In a decision that reads as a major victory for the Environmental Protection Agency (EPA) and its supporters, the Supreme Court today largely signed off on the agency's push to regulate so-called "greenhouse gases," such as carbon dioxide. The one catch, a divided Supreme Court ruled in Utility Air Regulatory Group v. Environmental Protection Agency, is that to regulate for greenhouse gases, the EPA must already have jurisdiction over a facility as an emitter of other regulated pollutants—carbon dioxide can't be the only excuse.
The court also slapped the EPA for regulatory overreach.

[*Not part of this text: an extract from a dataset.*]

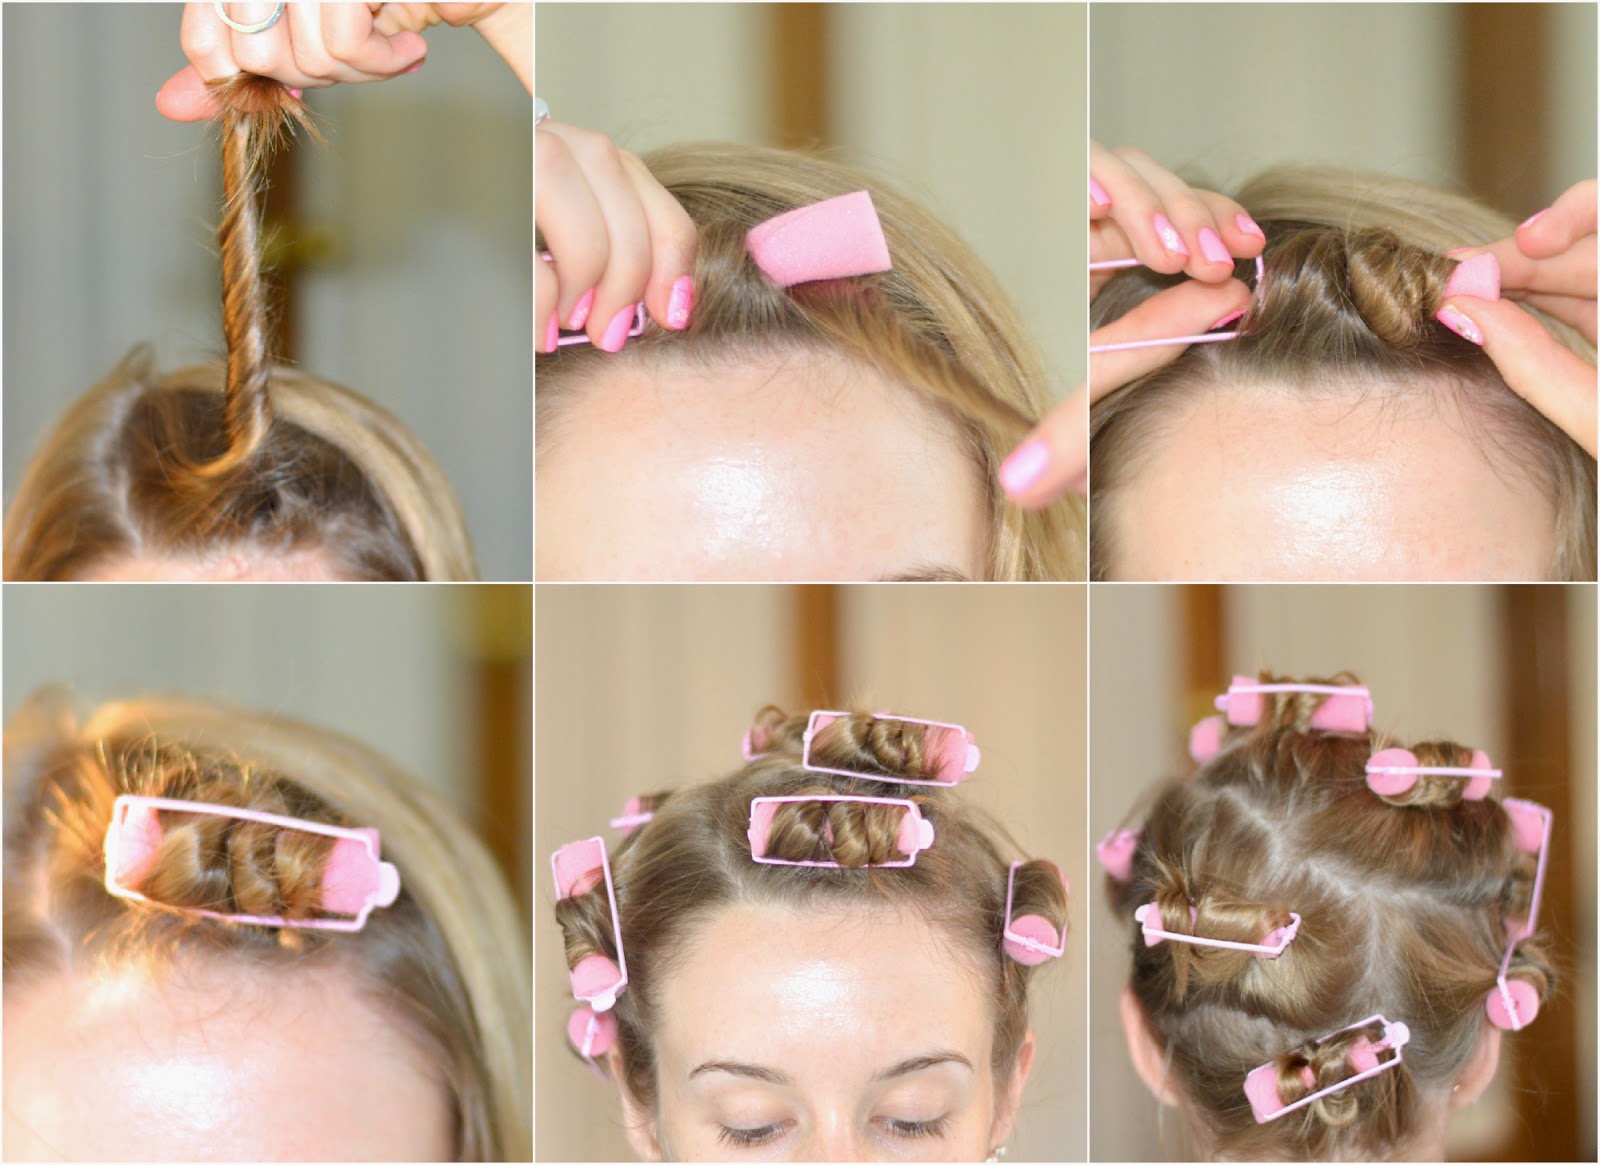 The Lazy Blowout: How to Hot Roll Your Hair | Blowout hair, Hot rollers hair,  Hair rollers tutorial

Writing for the court, Justice Antonin Scalia calls out the EPA for claiming "newfound authority to regulate millions of small sources—including retail stores, offices, apartment buildings, shopping centers, schools, and churches—and to decide, on an ongoing basis and without regard for the thresholds prescribed by Congress, how many of those sources to regulate."
That broad mandate would have been gained by the success of an assertion of authority to regulate based on emission of greenhouse gases alone.
The final court decision limits EPA authority to facilities that already come under the agency's jurisdiction because they emit at least 100 tons per year of pollutants regulated under the Clean Air Act. But, as Scalia notes, that still gives federal environmental regulators power over 83 percent of of American stationary-source greenhouse gas emissions. Only 3 percent of greenhouse gases come from the smaller sources over which the EPA claimed, but did not receive, jurisdiction.
As a result, as noted by Reason's Ron Bailey, the ruling will have litte impact on the Obama administration's plans to force 30 percent reductions in carbon emissions from electric power generating plants.
The case decided today was a follow-on to 2007's Massachusetts v. Environmental Protection Agency, which opened the door to greenhouse gas regulation by the EPA. A coalition of power utilities brought today's case, and suffered a major setback with the decision.
Still, the court's scolding that "it would be patently unreasonable—not to say outrageous—for EPA to insist on seizing expansive power that it admits the statute is not designed to grant" may be taken as a warning to federal regulators that they don't have carte blanche to assert jurisdiction. Also, it potentially provides a shield for smaller businesses and organizations that don't produce large quantities of greenhouse gases, but could still have come under regulatory authority had the EPA won everything it wanted.